To be honest, at this point I was relatively naïve about what could be wrong with Mum, as it would be fair to say I am medically ignorant. It was only two weeks later, though, when the grave reality set in that something could be very wrong with one of my best friends, my Mum.
We were away camping in Wanaka, and I rang Mum and Dad – who were also away camping – to see how things were. Mum, in her normal fashion, said “I’m fine”, something that she would repeat until the day we lost her. “I’m fine… I am having trouble now getting up off the floor on my own, but I’m fine, don’t worry about me.”
There were some further doctor’s appointments and follow ups, and Mum was eventually seen by a neurologist in March. Mum described him as a lovely man, who confirmed it was a neurodegenerative disease of some description, and that he would admit her for two days of tests to confirm his diagnosis.
My personal journey up until this point had still been one of hope that the diagnosis would be something that could be treated. It was the Wednesday night before Easter 2015, and Mum had been in for two days of various tests. I drove into the hospital to see her, and when I arrived they had been told that it was in fact motor neurone disease.

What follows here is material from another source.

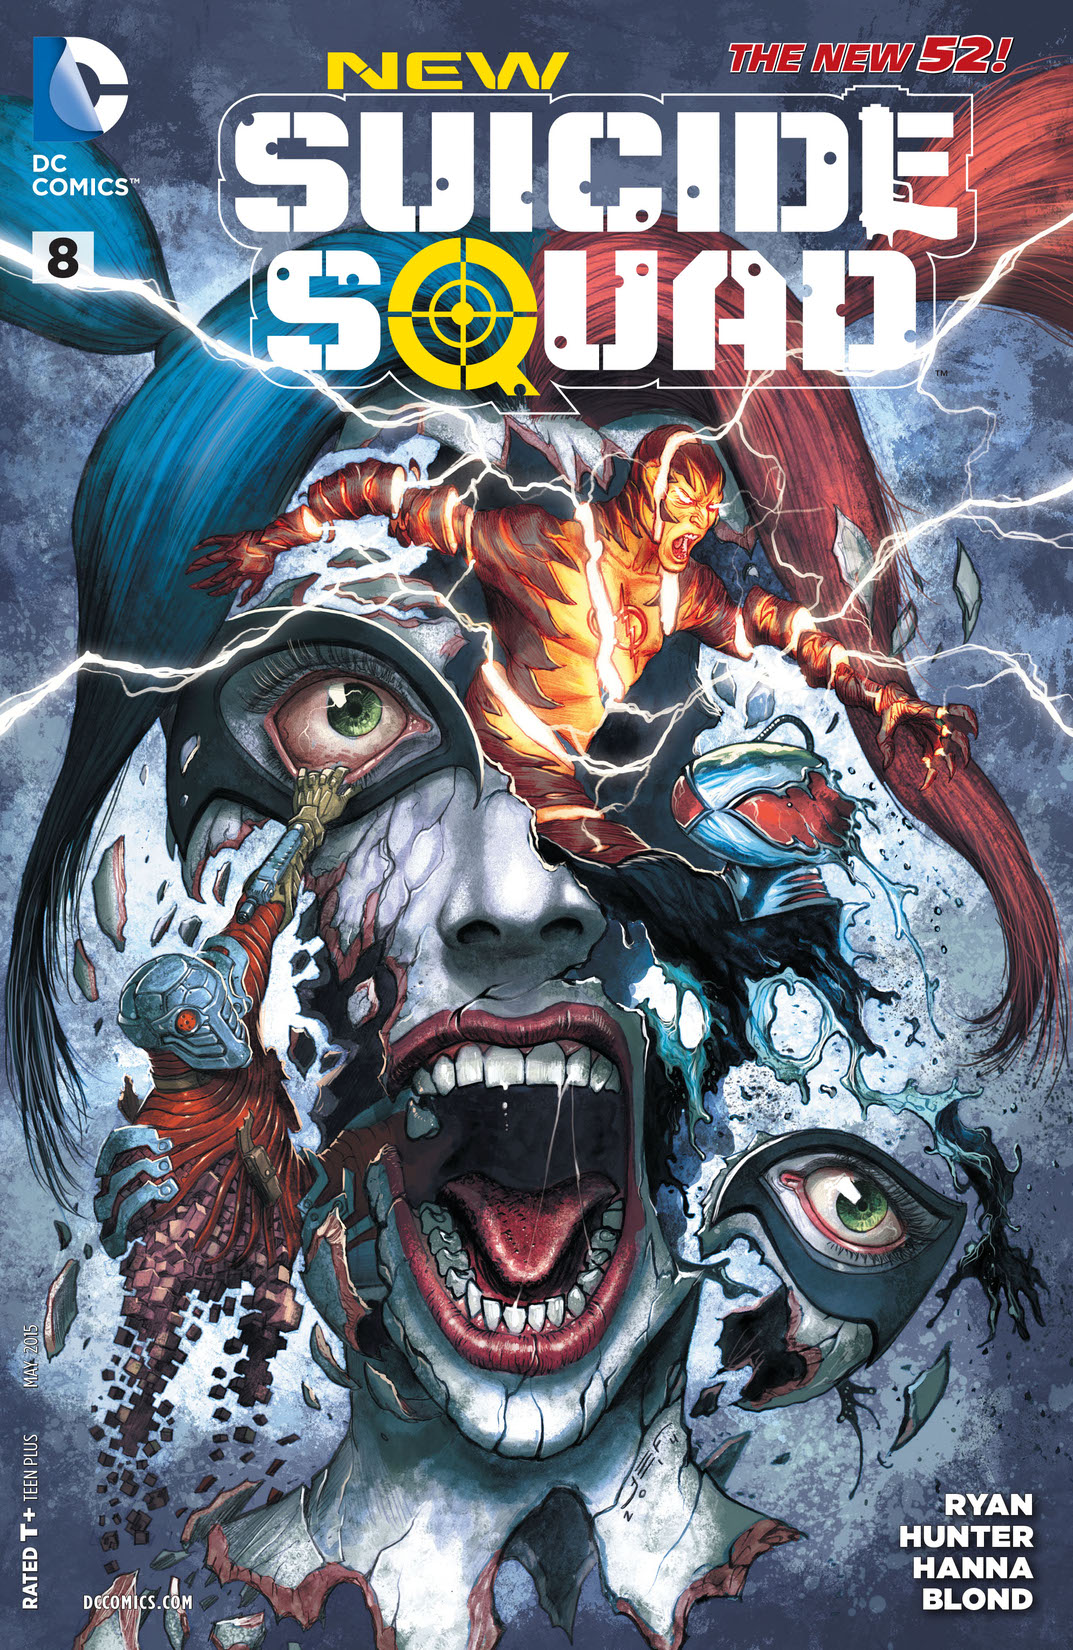 New Suicide Squad #8 preview images

The words were like knives to the inner part of my soul. My Mum had an untreatable, debilitating disease that would claim her life in a timeframe they anticipated being somewhere between six months and two years.
She was such a courageous person, who even at that point was more concerned about what that meant for my Dad and her children than what it meant for herself.
Once the diagnosis had been made, the health system kicked into gear and I have to say was incredible. We are so fortunate to have such amazing people working in this field. Gear arrived within days to help with Mum’s mobility, and occupational therapist, nurses, and all the support Dad could need was available at the end of the telephone. I cannot emphasise enough the difference this makes when you are facing such an awful reality.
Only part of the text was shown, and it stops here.